**Exercise data:**
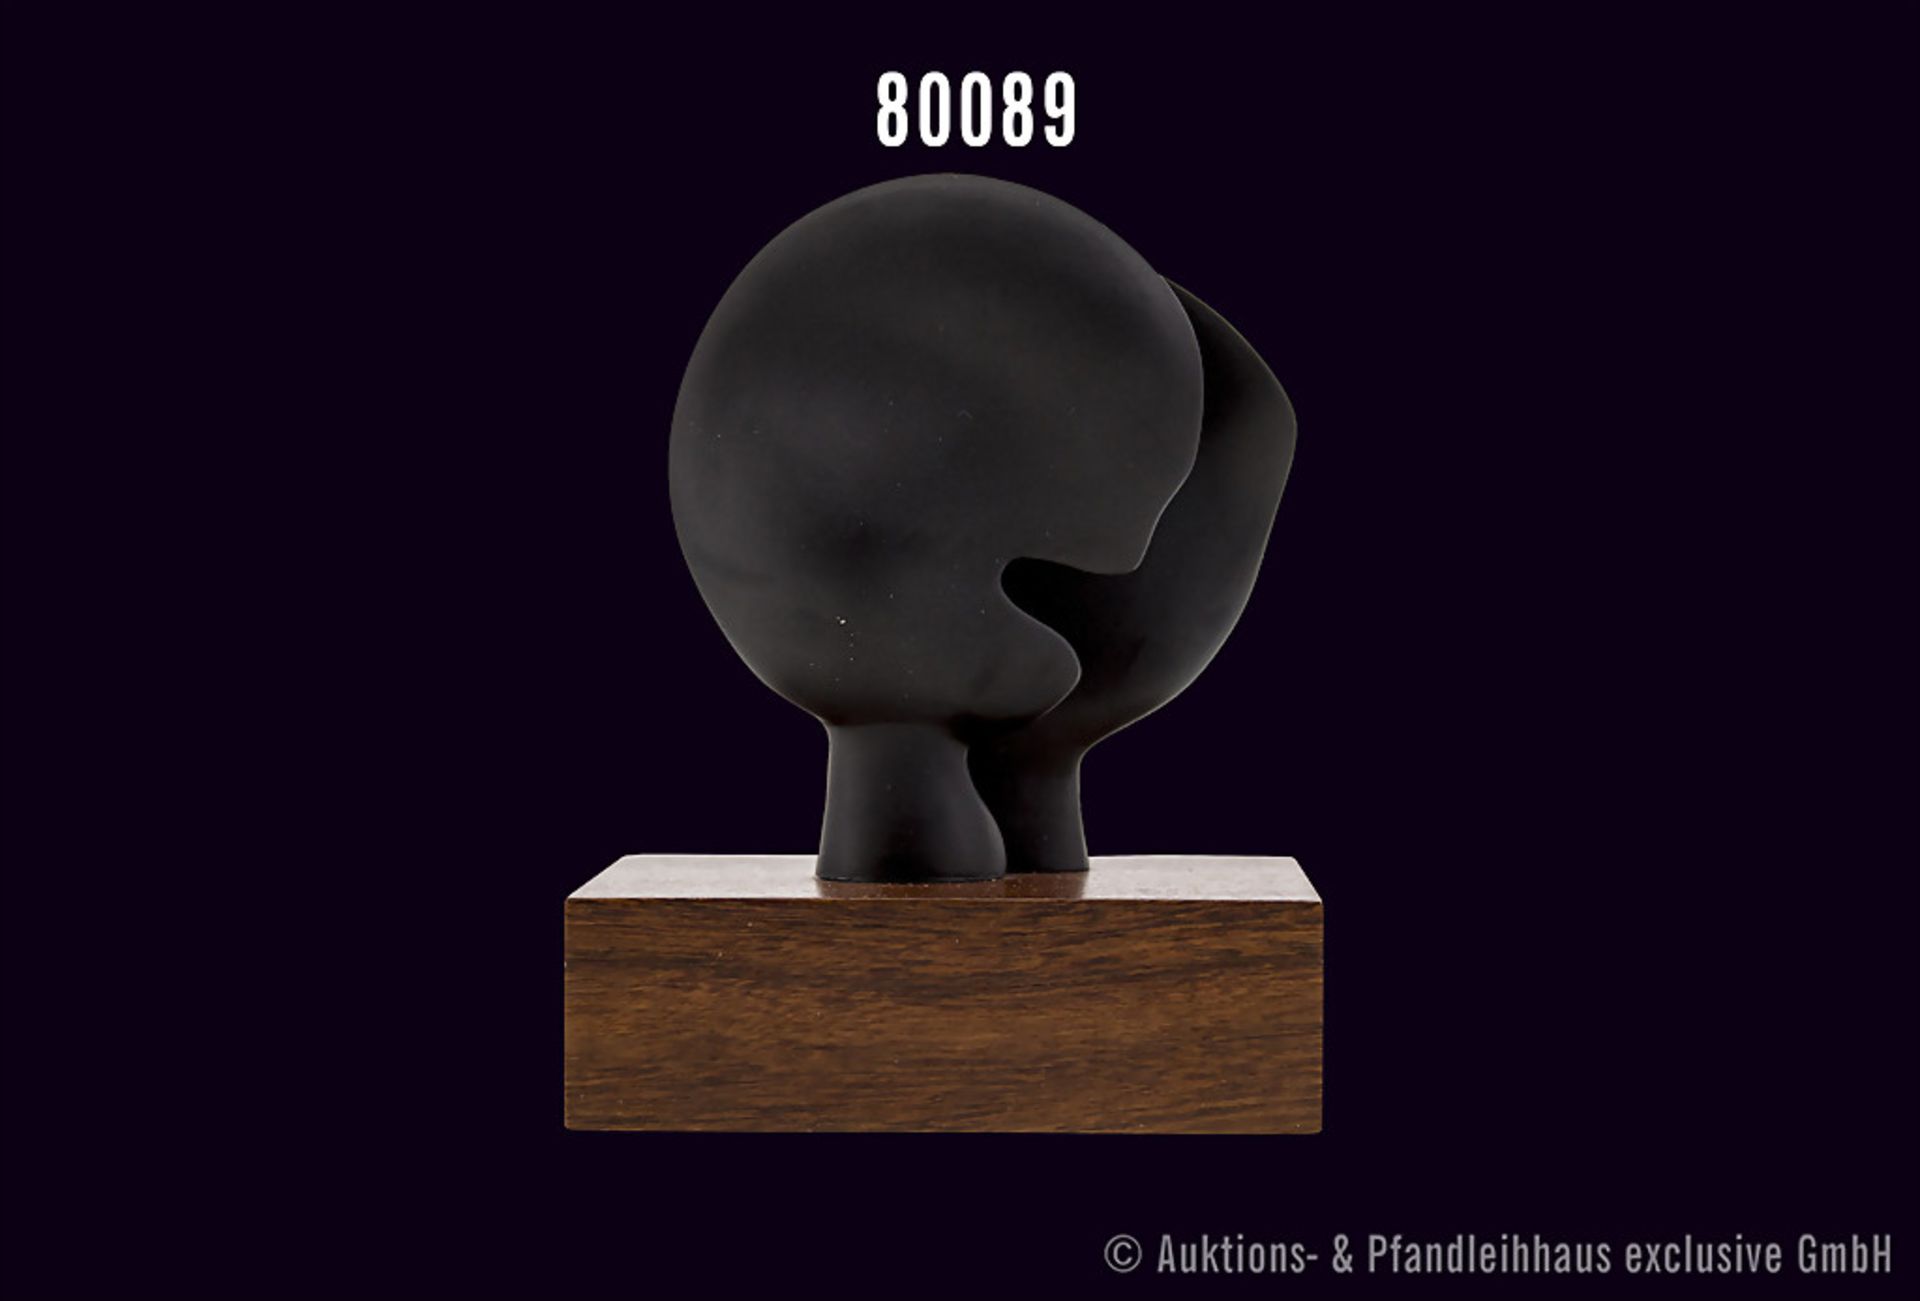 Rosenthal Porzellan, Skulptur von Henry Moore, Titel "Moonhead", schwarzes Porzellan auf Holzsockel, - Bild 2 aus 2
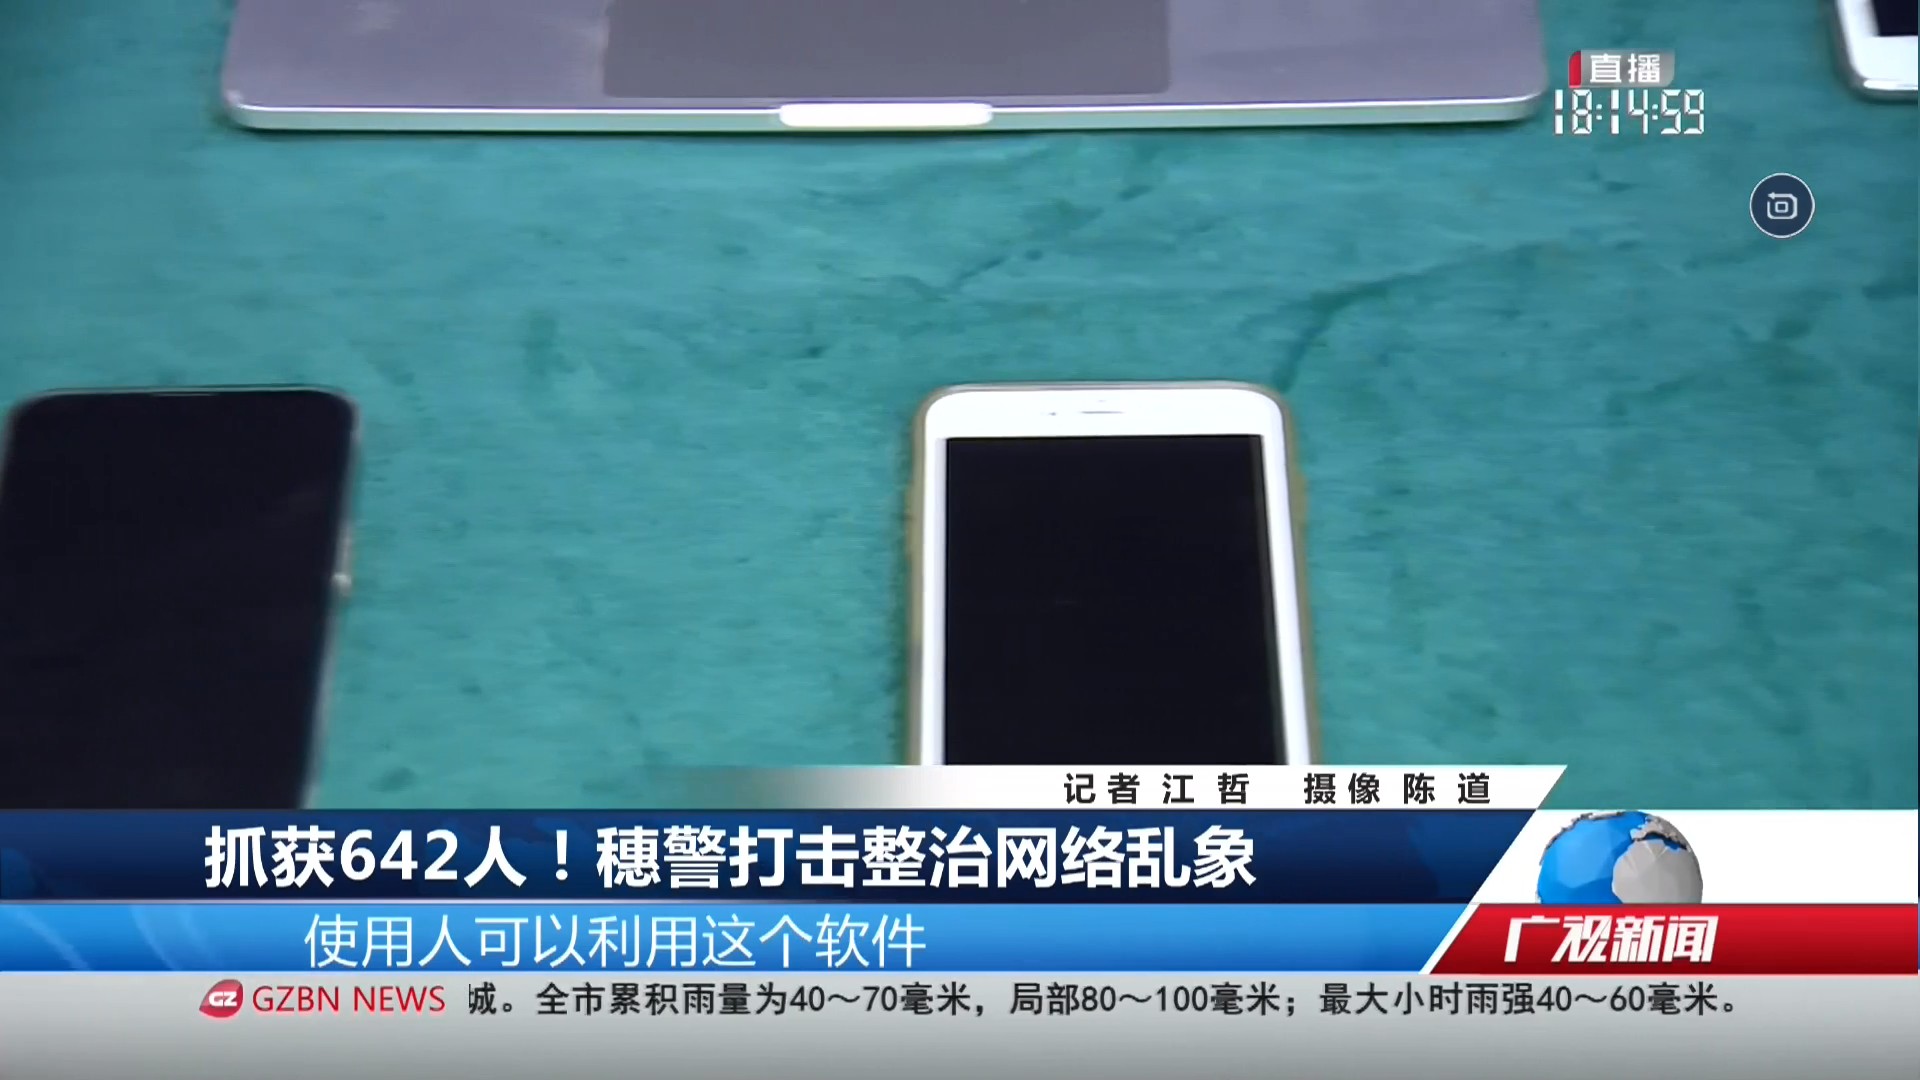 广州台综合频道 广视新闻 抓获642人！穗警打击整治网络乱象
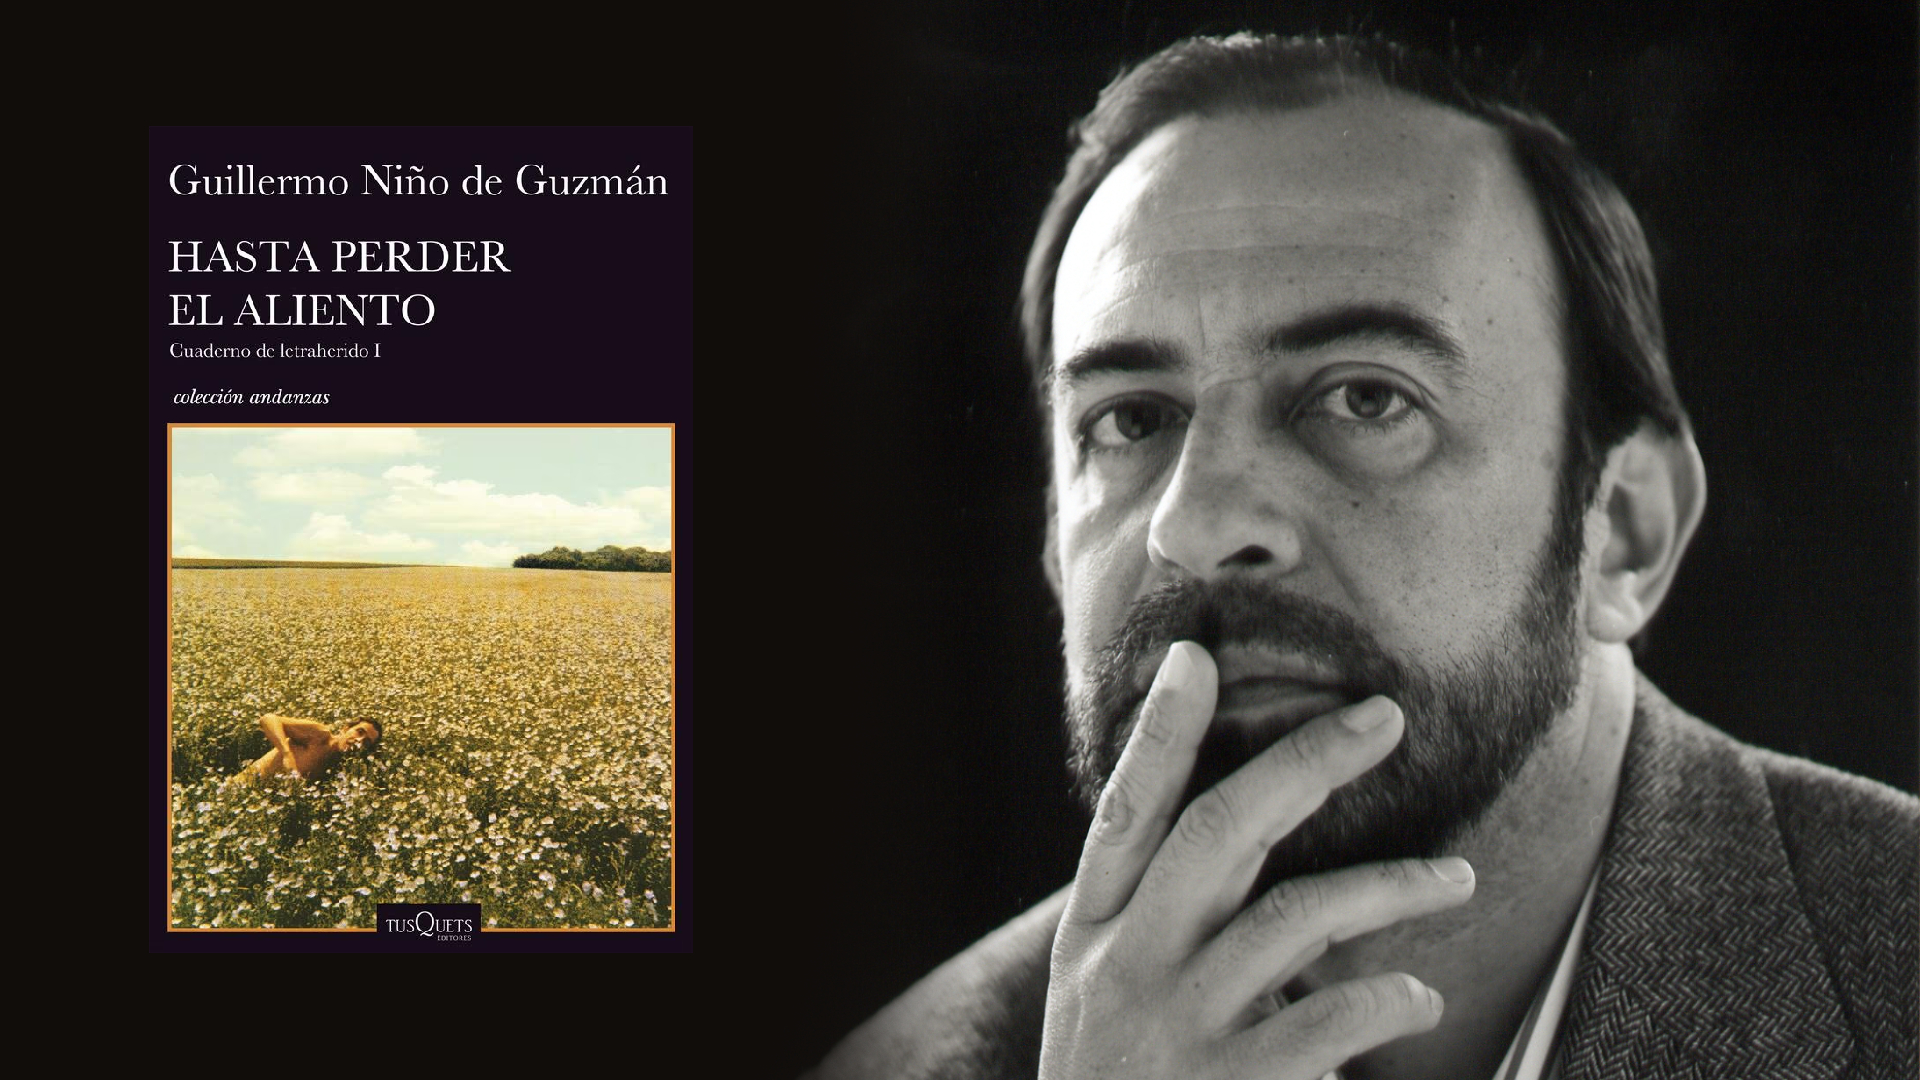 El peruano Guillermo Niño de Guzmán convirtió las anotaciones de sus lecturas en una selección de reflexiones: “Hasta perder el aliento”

**Work to be completed:**
The result should be the full material above, word for word, with its pictures omitted.

**Exercise result:**
 Rosenthal Porzellan, Skulptur von Henry Moore, Titel "Moonhead", schwarzes Porzellan auf Holzsockel, - Bild 2 aus 2
 广州台综合频道 广视新闻 抓获642人！穗警打击整治网络乱象
 El peruano Guillermo Niño de Guzmán convirtió las anotaciones de sus lecturas en una selección de reflexiones: “Hasta perder el aliento”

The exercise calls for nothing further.